Lebih jauh dapat disimpulkan, bahwa Omnibus Law merupakan metode atau konsep pembuatan peraturan yang menggabungkan beberapa aturan yang substansi pengaturannya berbeda, menjadi suatu peraturan besar yang berfungsi sebagai semacam—sebutlah itu—”undang-undang payung hukum” (umbrella act). Dan ketika peraturan semacam payung hukum itu diundangkan maka konsekuensinya bakalan mencabut beberapa aturan tertentu di mana norma atau substansinya juga bukan tidak mungkin bakalan dinyatakan tidak berlaku, baik sebagian maupun secara keseluruhan.
Banyak ulasan mengatakan, UU No 15 Tahun 2019 tentang Perubahan Atas UU No. 12 Tahun 2011 tentang Pembentukan Peraturan Perundang-Undangan sejauh ini belum disusun dengan tujuan mengakomodasi keberadaan Omnibus Law. Namun mengingat penyusunan undang-undang merupakan produk kesepakatan politik antara pemerintah dan DPR, jelas bukan mustahil skema Omnibus Law bakal diimplementasikan dalam proses legislasi ke depan.
Terlebih jika mengingat aspek urgensi dan signifikansi dari skema Omnibus Law. Bukan saja bertujuan mengharmonisasi dan mengakhiri tumpang tindih regulasi yang terjadi selama ini, skema Omnibus Law juga bakal sanggup mengdongkrak perbaikan kualitas regulasi di Indonesia sehingga diharapkan tercipta iklim pro investasi dan kemudahan izin berusaha. Berikut alasan, manfaat serta tantangan dalam pembentukan Undang-Undang dengan metode omnibus law :
Terlalu Banyak Regulasi
Kualitas dan jumlah regulasi di Indonesia memang telah menjadi persoalan tersendiri.
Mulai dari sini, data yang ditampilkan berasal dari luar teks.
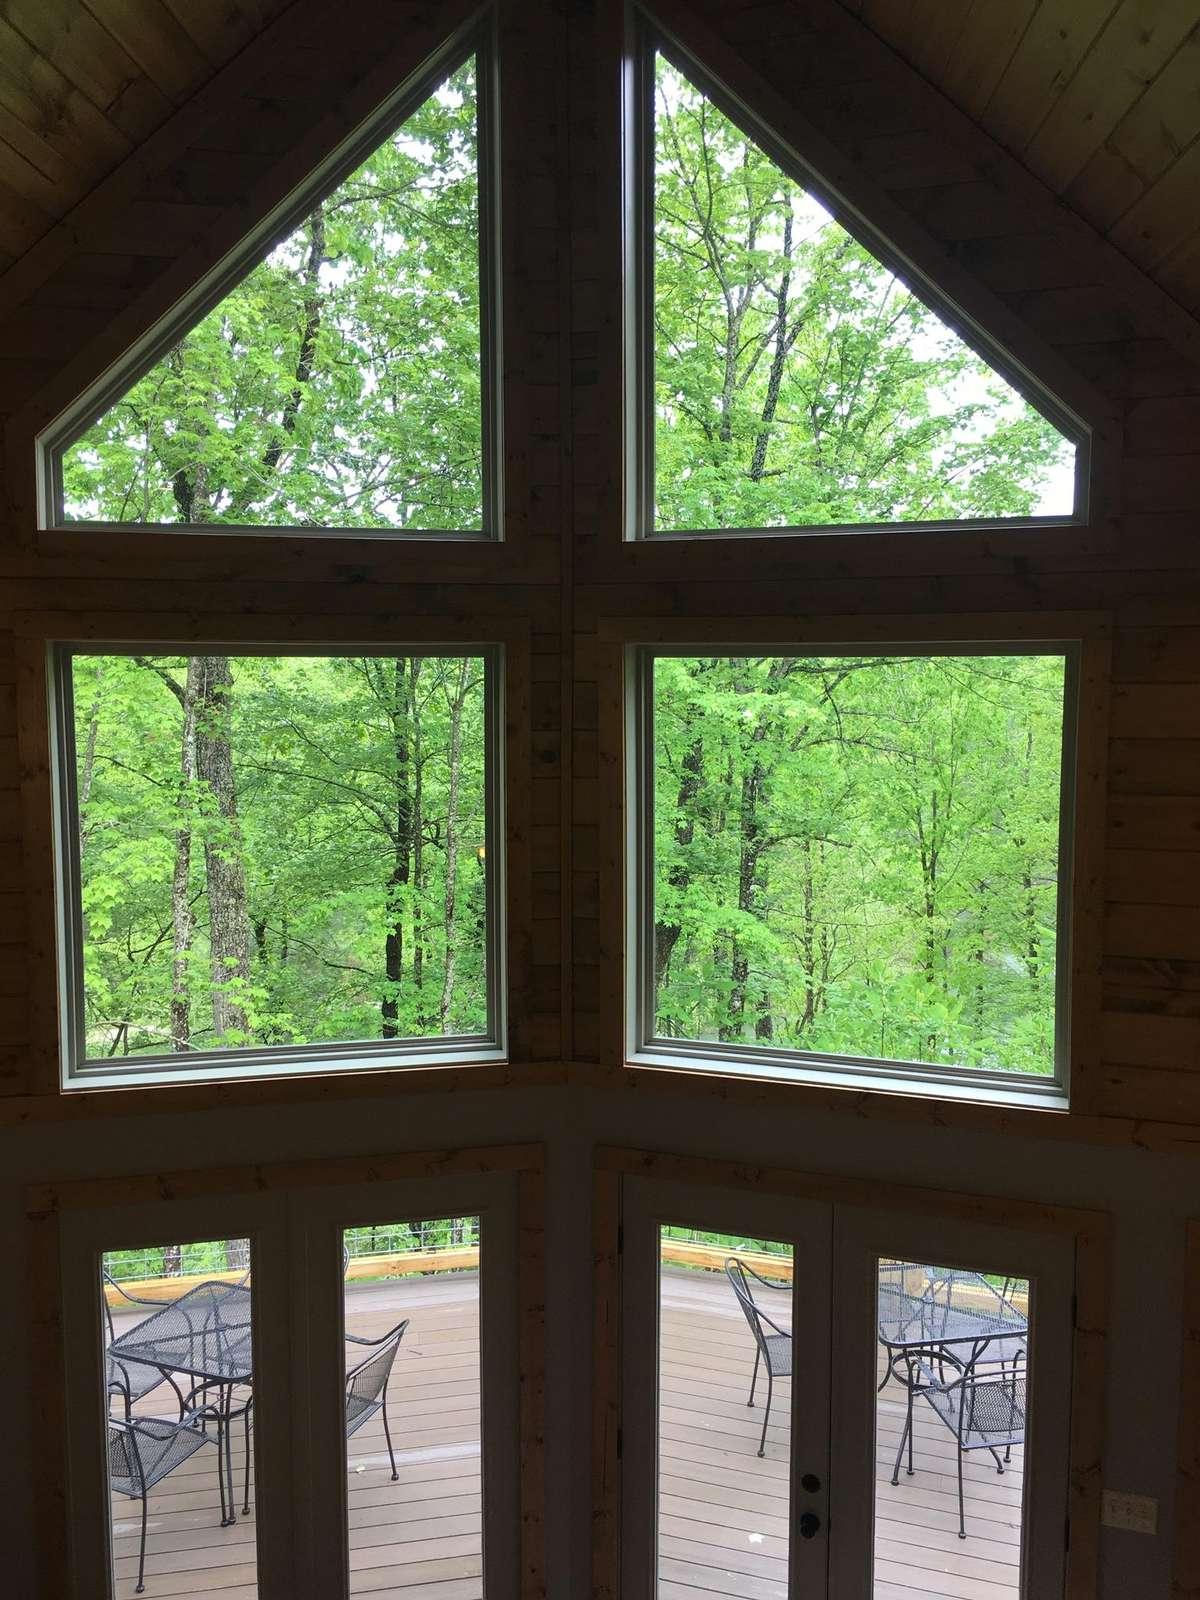 Kentucky Straight Wilderness_ View from Second Floor

Merujuk data yang dirilis oleh Pusat Studi Hukum dan Kebijakan Indonesia (PSHK) pada 16 Juli 2019, tercatat sepanjang rentang 2014 hingga Oktober 2018 saja, telah terbit 8.945 regulasi. Dari jumlah itu rinciannya terdiri dari 107 Undang-Undang, 452 Peraturan Pemerintah, 765 Peraturan Presiden, dan 7.621 Peraturan Menteri.
Problemnya, masih merujuk PSHK, persoalan utama yang menghambat keberhasilan program-program pemerintah selama ini, salah satunya adalah justru regulasi yang semrawut dan tumpang tindih. Dampaknya yaitu, pelbagai akses terhadap pelayanan publik, termasuk fasilitas terkait kemudahan berusaha, malah semakin menjadi terhambat.
Lebih lanjut, menurut PSHK, pemerintah memiliki pekerjaan rumah yang semakin bertumpuk untuk melakukan harmonisasi dan sinkronisasi atas produk regulasi yang ada.
Kritik bukan hanya dari PSHK. Konferensi Nasional Hukum Tata Negara (KNHTN) Ke-4 juga mencatat, pembentukan regulasi yang tidak terkendali selama ini bukan saja telah menyebabkan ketidakharmonisan dan ketidaksinkronan antar regulasi, melainkan juga berdampak pada terjadinya tumpang tindih antar regulasi. Lebih jauh, fakta perihal kondisi regulasi ini juga berimplikasi pada terhambatnya upaya pencanangan program percepatan pembangunan dan peningkatan kesejahteraan masyarakat.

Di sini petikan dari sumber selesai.